Correct, I'll apply that on harfbuzz PR. |
@ebraminio BTW. how do I set the text direction in your WASM module? My Characters are typed in a following order: ... arabic1 ... 2018 .- 2019 .... arabic2 .... And they need to be printed as ... arabic2 ... 2019 -. 2018 .... arabic1 .... So the four-character sequence " .- " (between 2018 and 2019, which are in LTR) needs to be shaped in RTL order. I tried module._hb_buffer_set_direction(hbuf, 2); // or 1 But it returns glyphs with ax=0. |
You need to segment your input before feeding it into harfbuzz, setting direction won't be useful in that IIUC. |
I did "segment" it. I need to call shape() only on a string " .- " and need the output in RTL. Currently, module._hb_buffer_guess_segment_properties(); guesses the direction to be LTR. |
Aha, yes that call should be removed but you need to detect and set the script also, hmm, I should look if is possible to have the guess but set the direction also without script, most of clients do both at the same time so may is not supported, I am not sure. |
I solved it. Guess Properties only guesses the unset properties (if you set direction in advance, it will not change it).

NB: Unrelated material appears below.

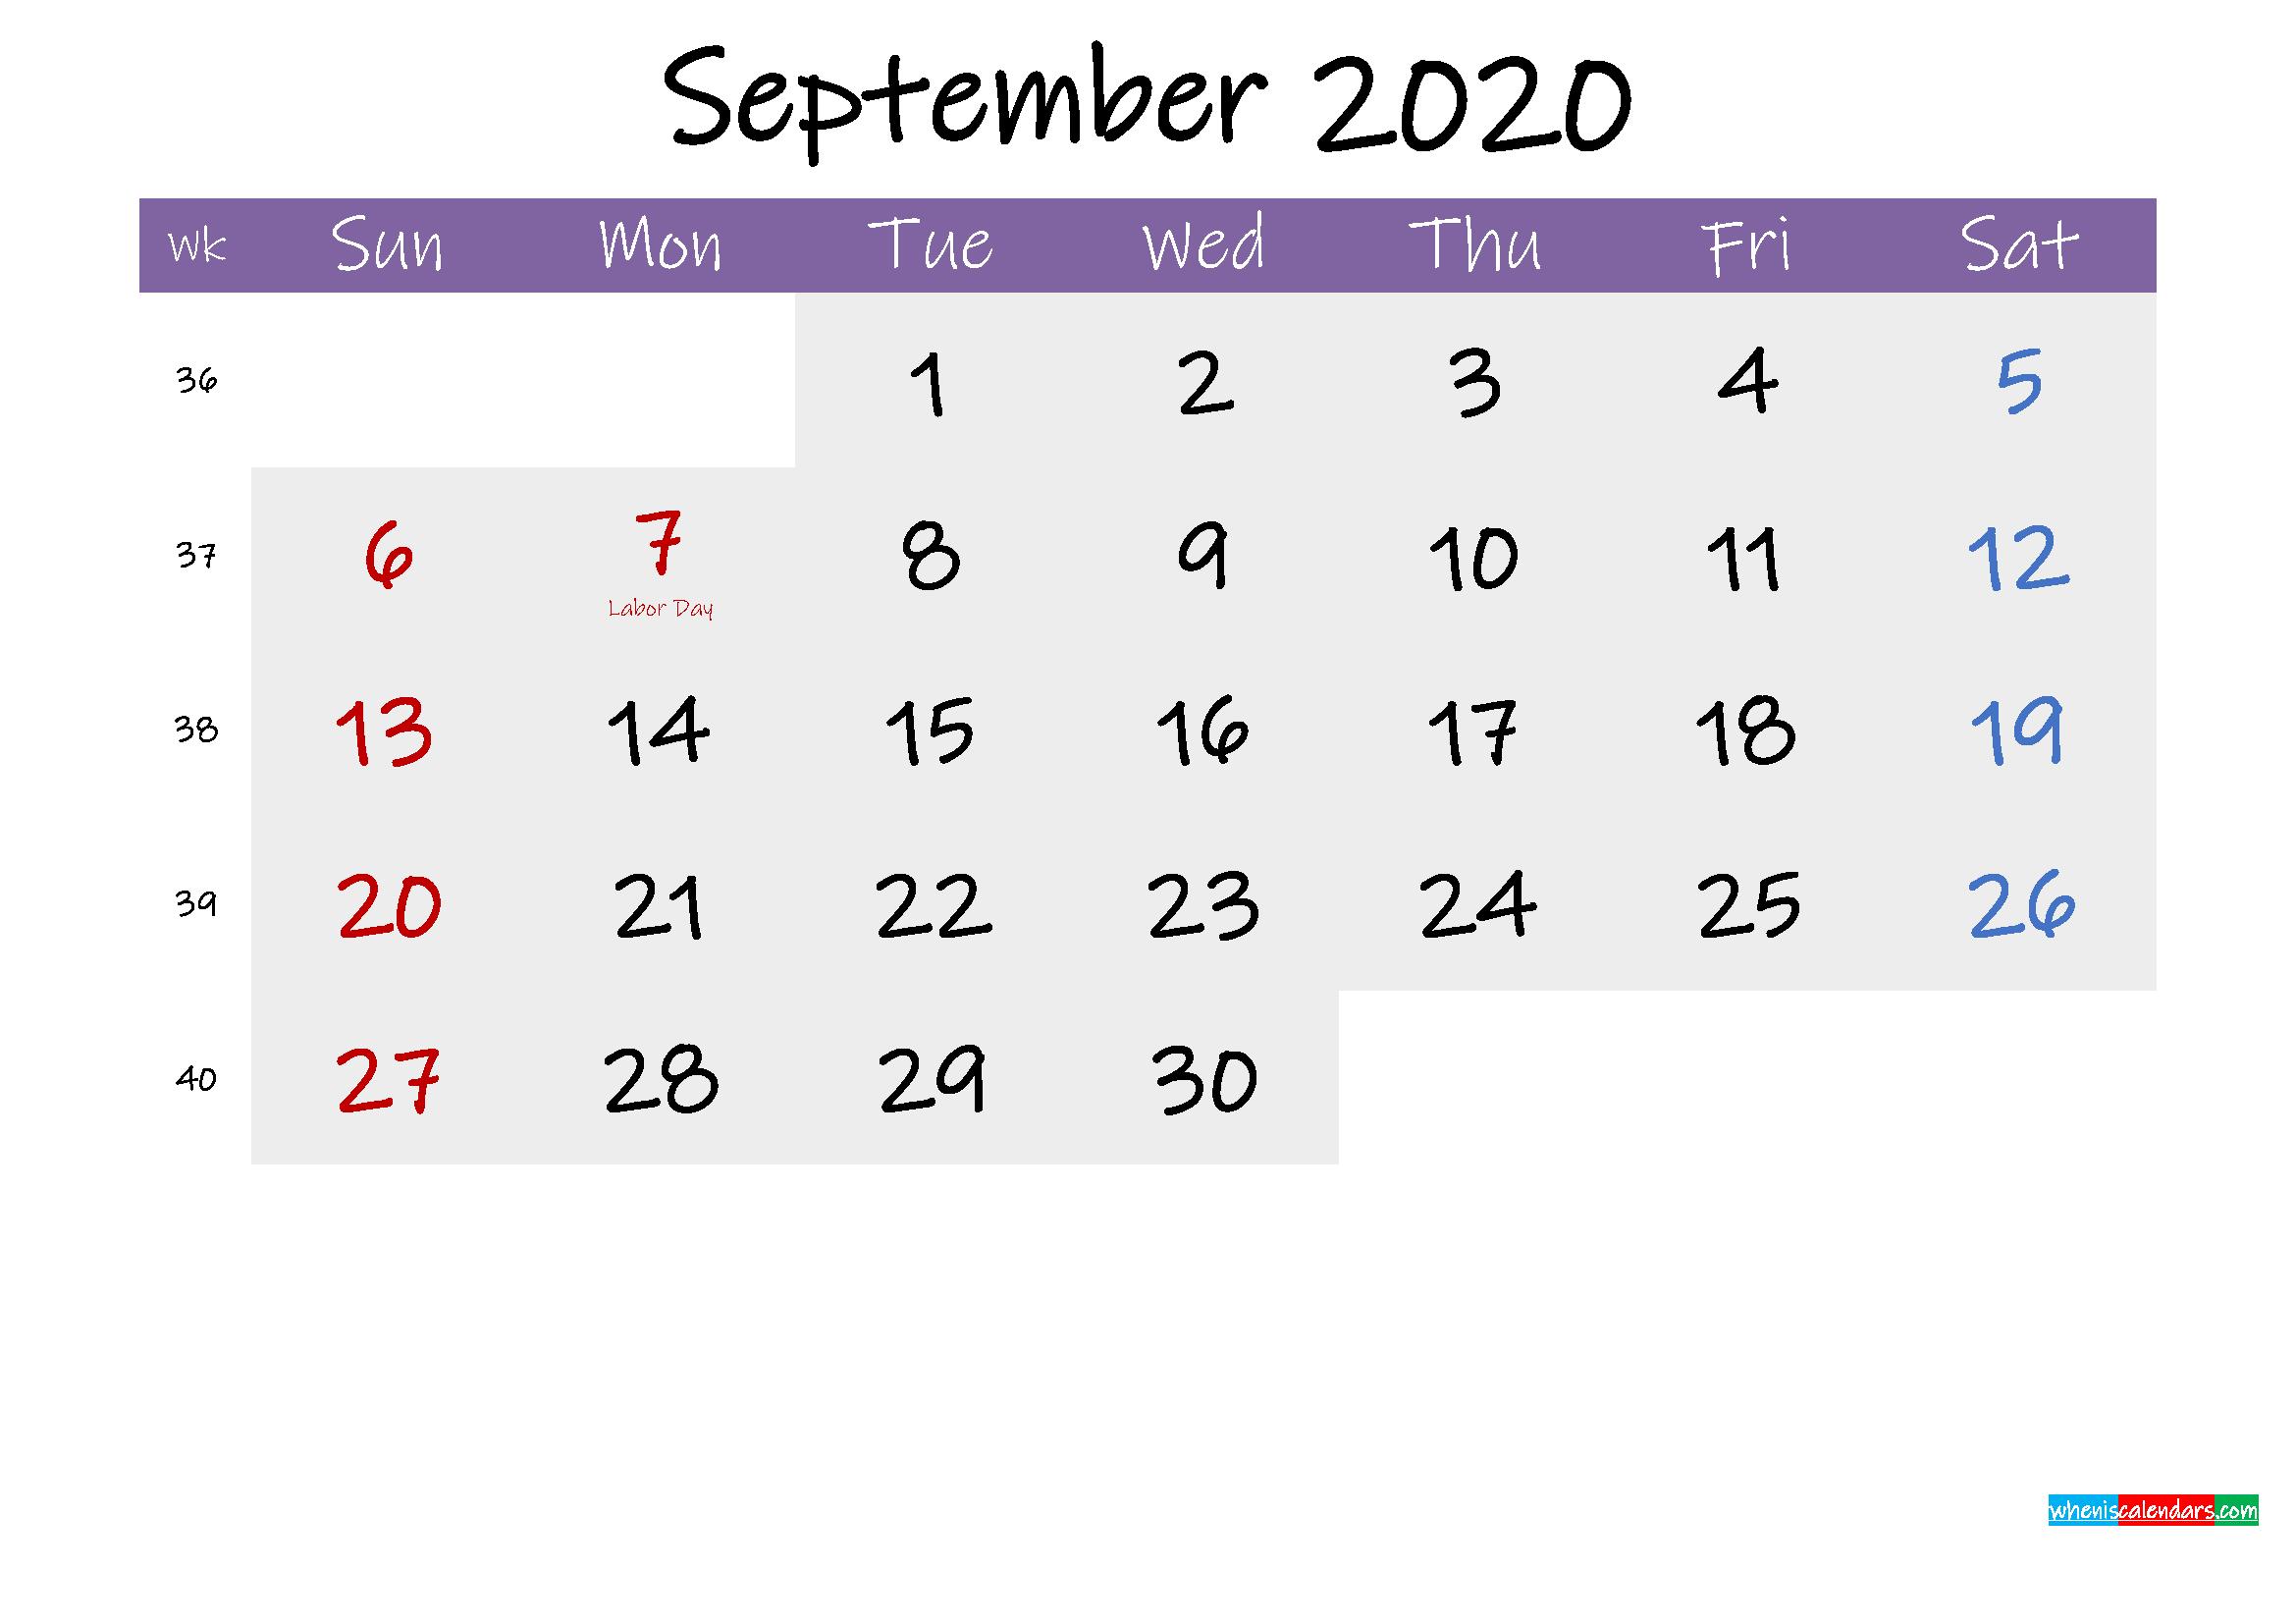 View Free Printable Editable Microsoft Word Free Printable Editable Printable Calendar September 2020 JPG
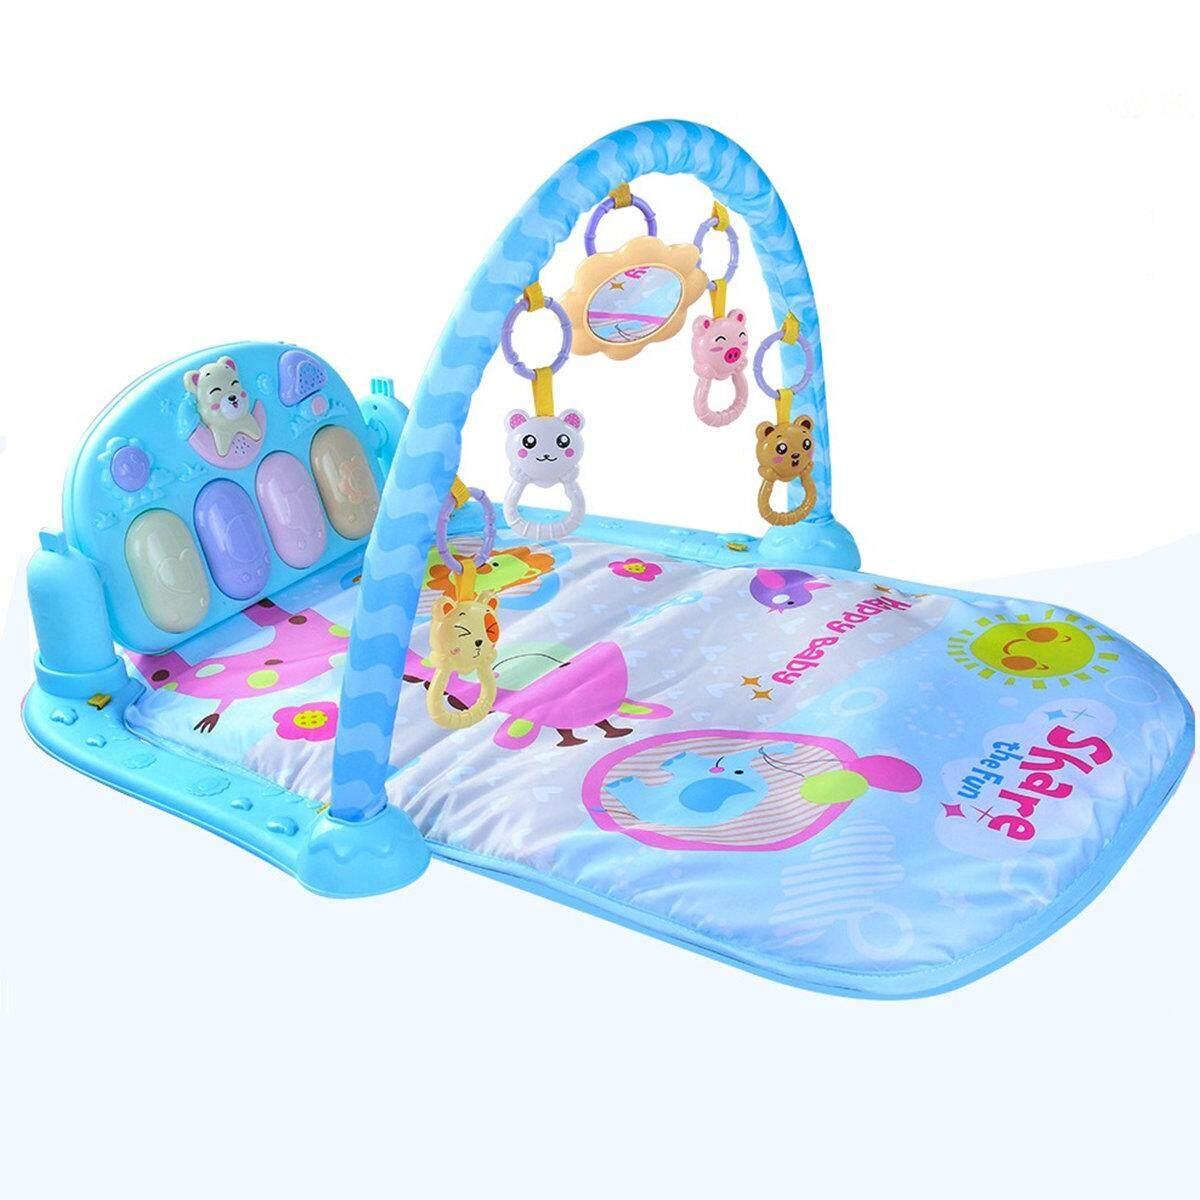 Hình ảnh Baby Gym Play Mat Lay & Play Fitness Music And Lights Fun Piano

But I had to find the constants 4 and 5 by trying :D |
Nice. We should have some way for that also, you can read the headers or use this https://36-24718300-gh.circle-artifacts.com/0/root/project/ABI.json "name" : "HB_DIRECTION_LTR", "value" : "4"; "name" : "HB_DIRECTION_RTL", "value" : "5" for now. |
@ebraminio I have a strange problem with this WASM version of HarfBuzz. I have two fonts: A - 700 kB and B - 10 MB. When I malloc() a space for A at the start and use it, everything works well. When I malloc() a space for B at the start, everything works well too. But when I allocate A, use it, then free() it and try to malloc() space B, I get OOM error (out of memory probably). My single shaping looks like this:
|
Maybe something is not freed, I don't see it in your code but created with a wasm version with a larger heap anyway, harfbuzzjs.zip |
Could you please take a closer look at my code? Maybe I am freeing something that should not be freed. Or can you test it yourself while using several large font files multiple times? |
Hmm. I don't see the issue here using your code, I guess having more of your code will be more helpful. |
Hopefully you will be unblocked with this ;)